● **WHAT YOU NEED TO DO**
From top to bottom, retype the data exactly, passing over any picture.

● **PROVIDED DATA**
——
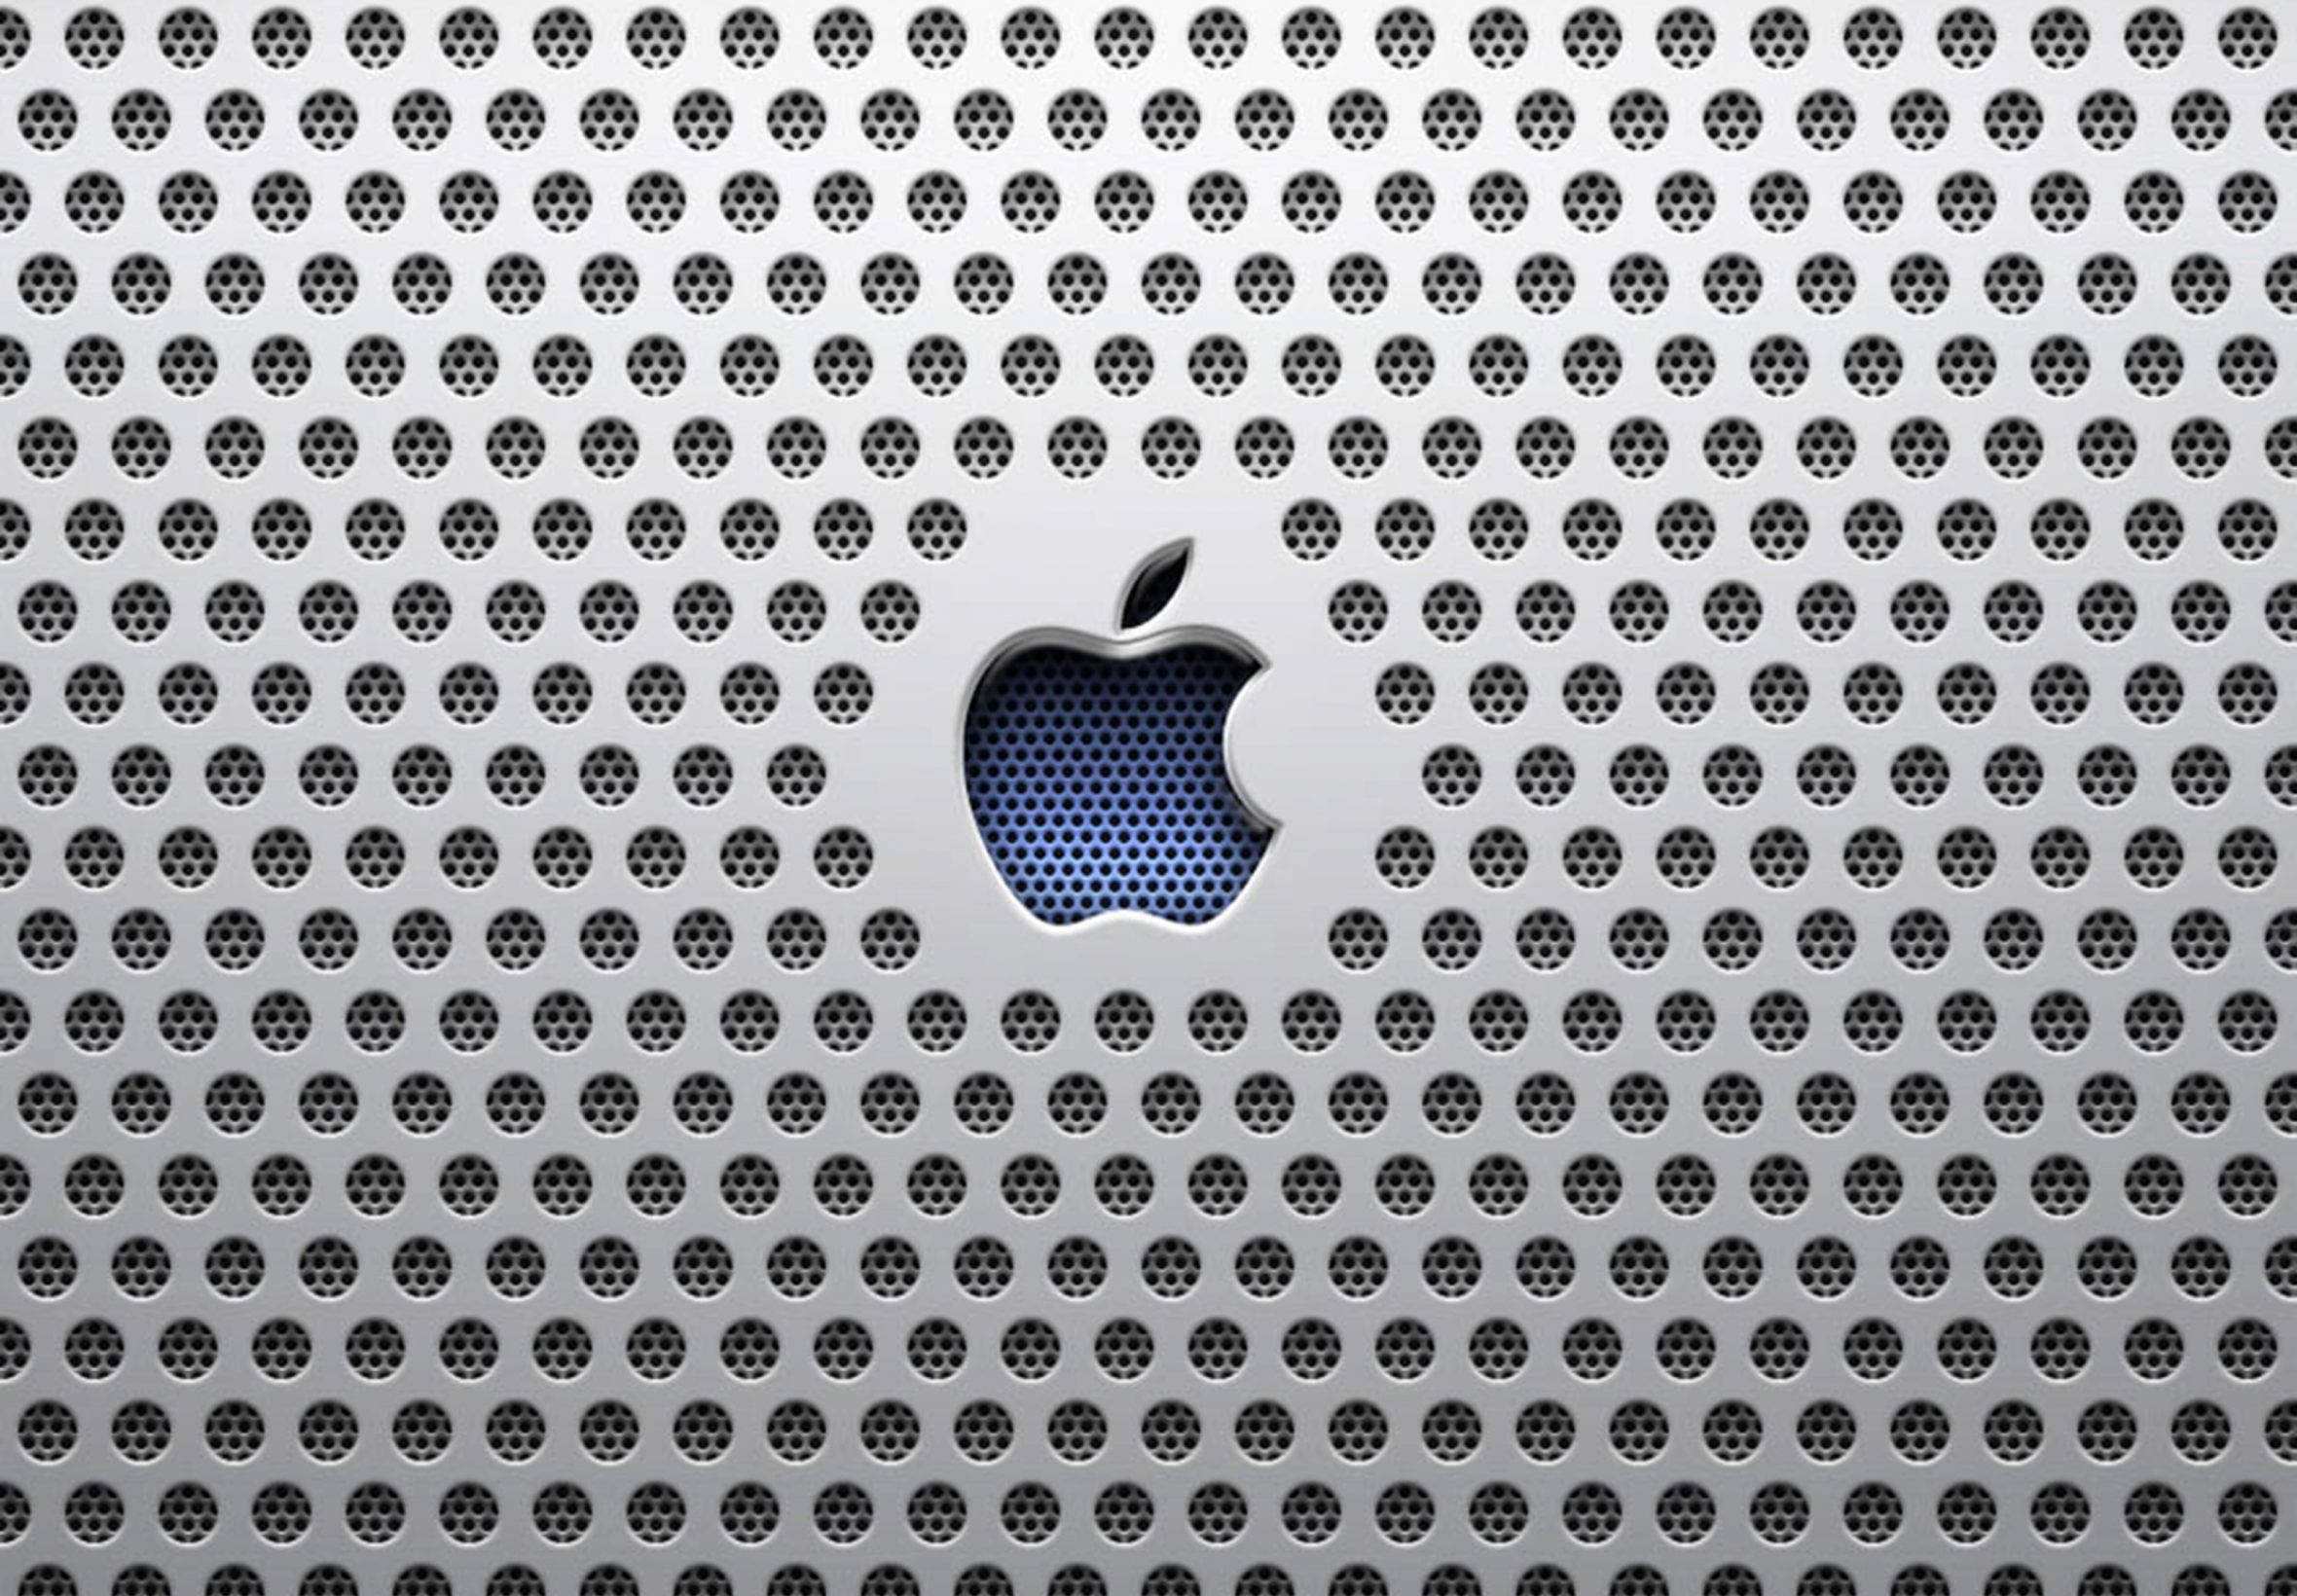 2360x1640 iPad Air wallpaper 4k Apple Industrial Ipad Wallpaper 2360x1640 pixels resolution
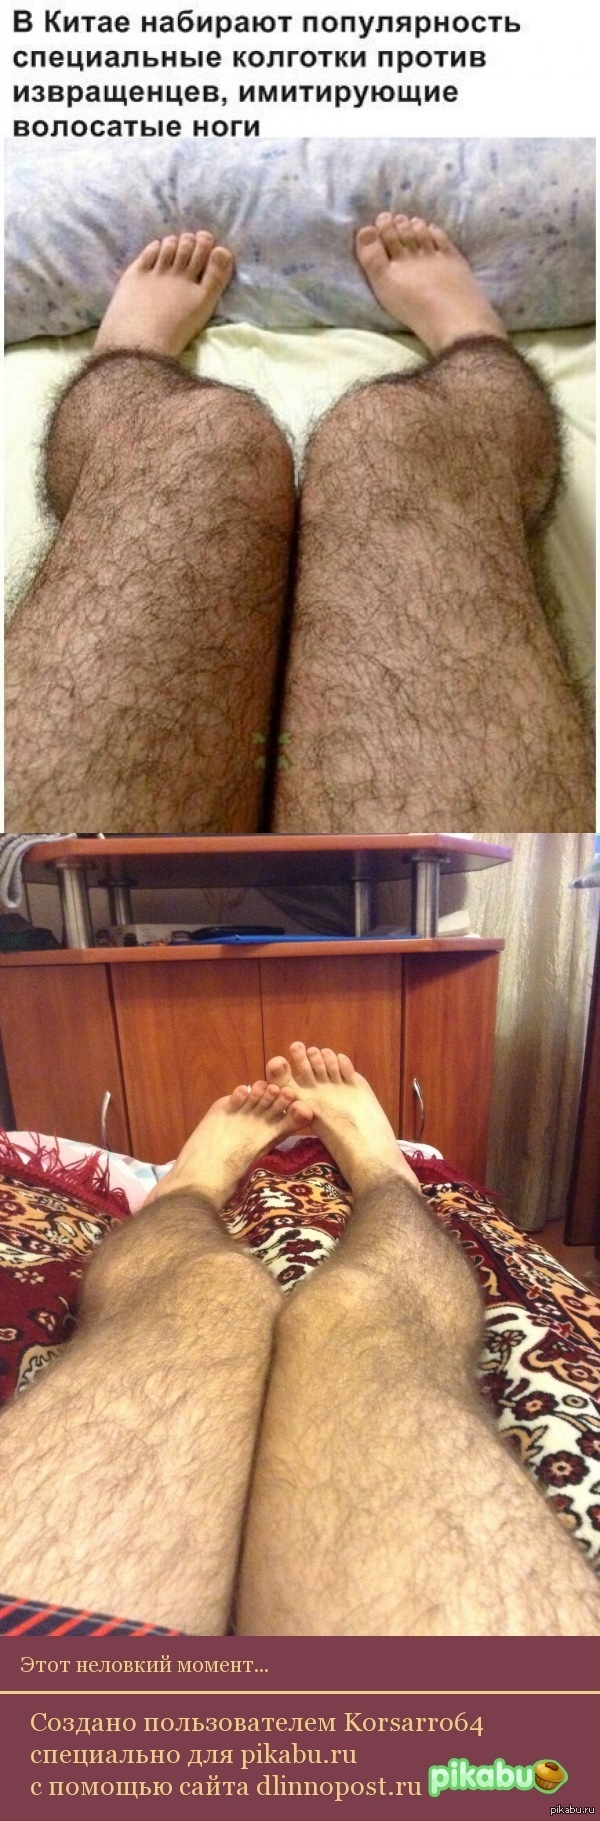 исламский сонник волосатые ноги фото 25
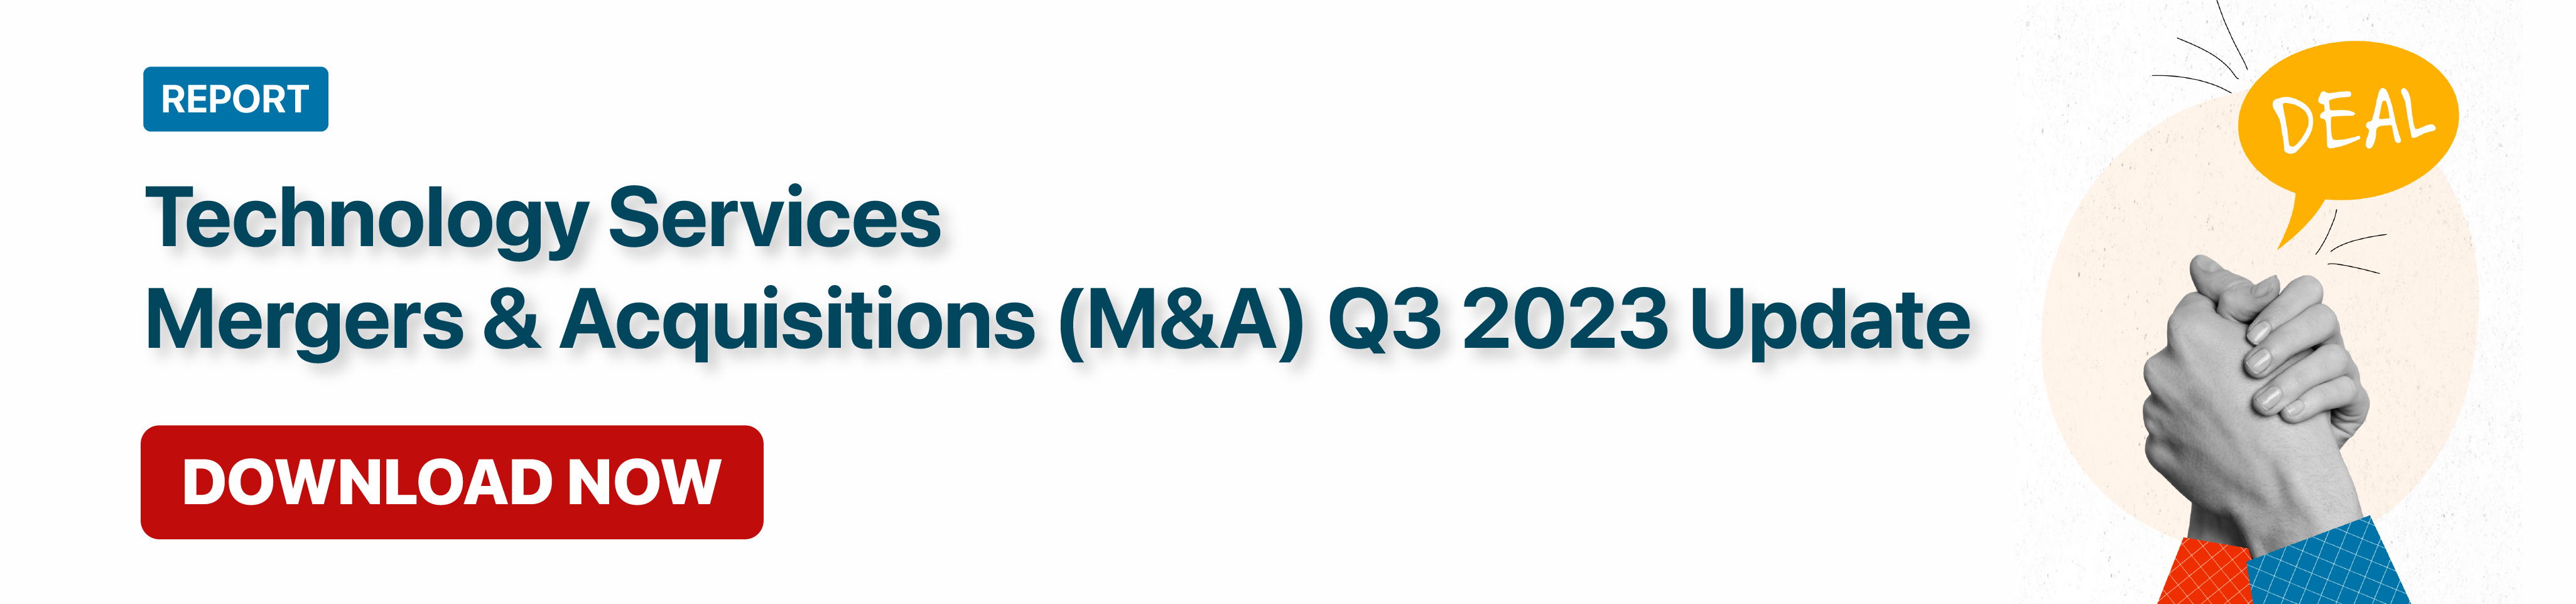 Technology Services Mergers & Acquisitions (M&A) Q3 2023 CTA
——
● **WORKED SOLUTION**
 2360x1640 iPad Air wallpaper 4k Apple Industrial Ipad Wallpaper 2360x1640 pixels resolution
 исламский сонник волосатые ноги фото 25
 Technology Services Mergers & Acquisitions (M&A) Q3 2023 CTA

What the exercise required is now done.